The Compulsory Process Clause, the Court has confirmed, lets defendants subpoena witnesses to force them to testify at trial. This Clause (combined with other constitutional provisions) also now impliedly guarantees defendants the right to testify in their own defense if they wish. The Confrontation Clause requires prosecution witnesses to testify under oath and subject to cross-examination; except for small children who would be traumatized by the process, they must also testify in court and in the presence of the defendant. To preserve the integrity of these confrontation requirements, the Court also held in Crawford v. Washington (2004) that the prosecution may not introduce out-of-court statements by nontestifying witnesses when those statements are “testimonial”—that is, when the statements were made primarily to establish facts for the criminal prosecution. So if, for example, the police investigate a crime and a witness identifies the defendant in order to have him arrested and charged, the prosecution cannot use that statement as evidence in court against the defendant, unless the witness is brought to court so that the defendant can cross-examine him. Finally, the Compulsory Process and Confrontation Clauses guarantee the defendant’s right to be present in the courtroom throughout his trial (though he can forfeit this right by behaving badly).

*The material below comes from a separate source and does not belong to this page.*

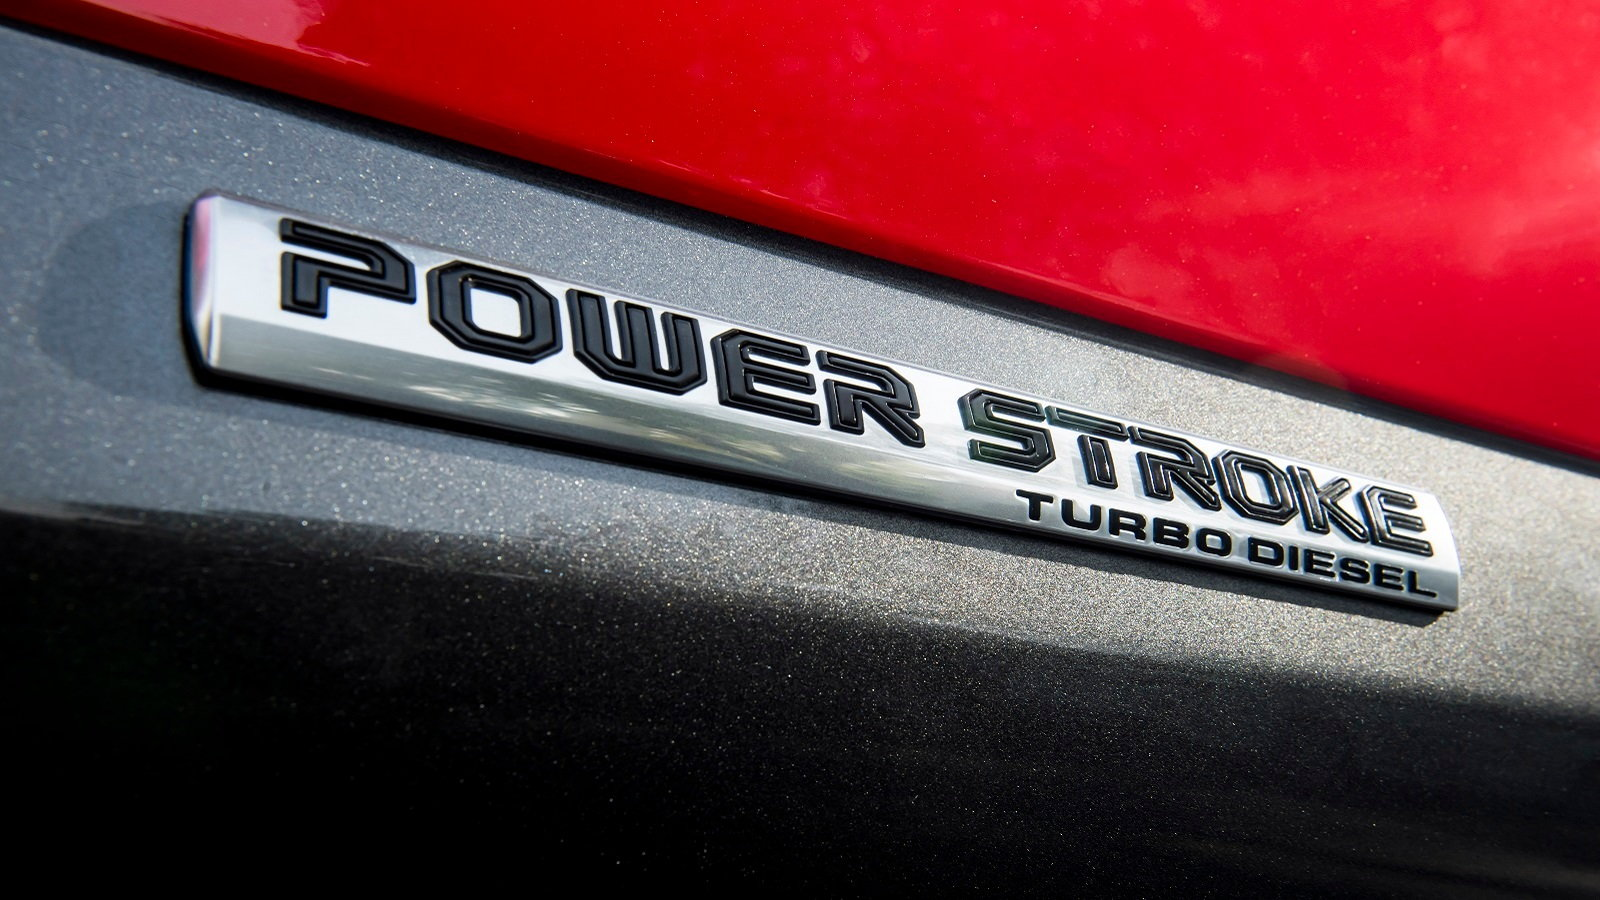 2018 Diesel Ford F-150 Power Stroke

That leaves the right to trial by “an impartial jury.” The Court has held that this right applies whenever the accused faces more than six months’ imprisonment, and it applies to any fact (other than a prior conviction) that would affect the permissible sentencing range. A jury must come from a pool representing a fair cross-section of the local community. Despite the history to the contrary, a jury may consist of as few as six members (though nearly all states require the traditional twelve). The Jury Trial Clause, combined with the Due Process Clauses of the Fifth and Fourteenth Amendments, also forbids conviction unless the prosecution proves every element of the crime beyond a reasonable doubt. And the jury’s verdict must be unanimous though the Court declined in 1972 to enforce this requirement against the States. Louisiana and Oregon, therefore, have continued to allow non-capital convictions by 11-1 and 10-2 votes.
Consistent with its historical purpose, a jury retains the power to acquit regardless of the strength of the prosecution’s case or to return logically inconsistent verdicts to mitigate punishment. Yet the Supreme Court has refused to hold that the Sixth Amendment entitles defendants to have juries instructed about that power or even advised about the sentencing consequences of the charges. Thus, while juries have continued to serve the role as fact-finders, they are left today to perform their traditional role as “circuitbreaker in the State’s machinery of justice” largely in the dark.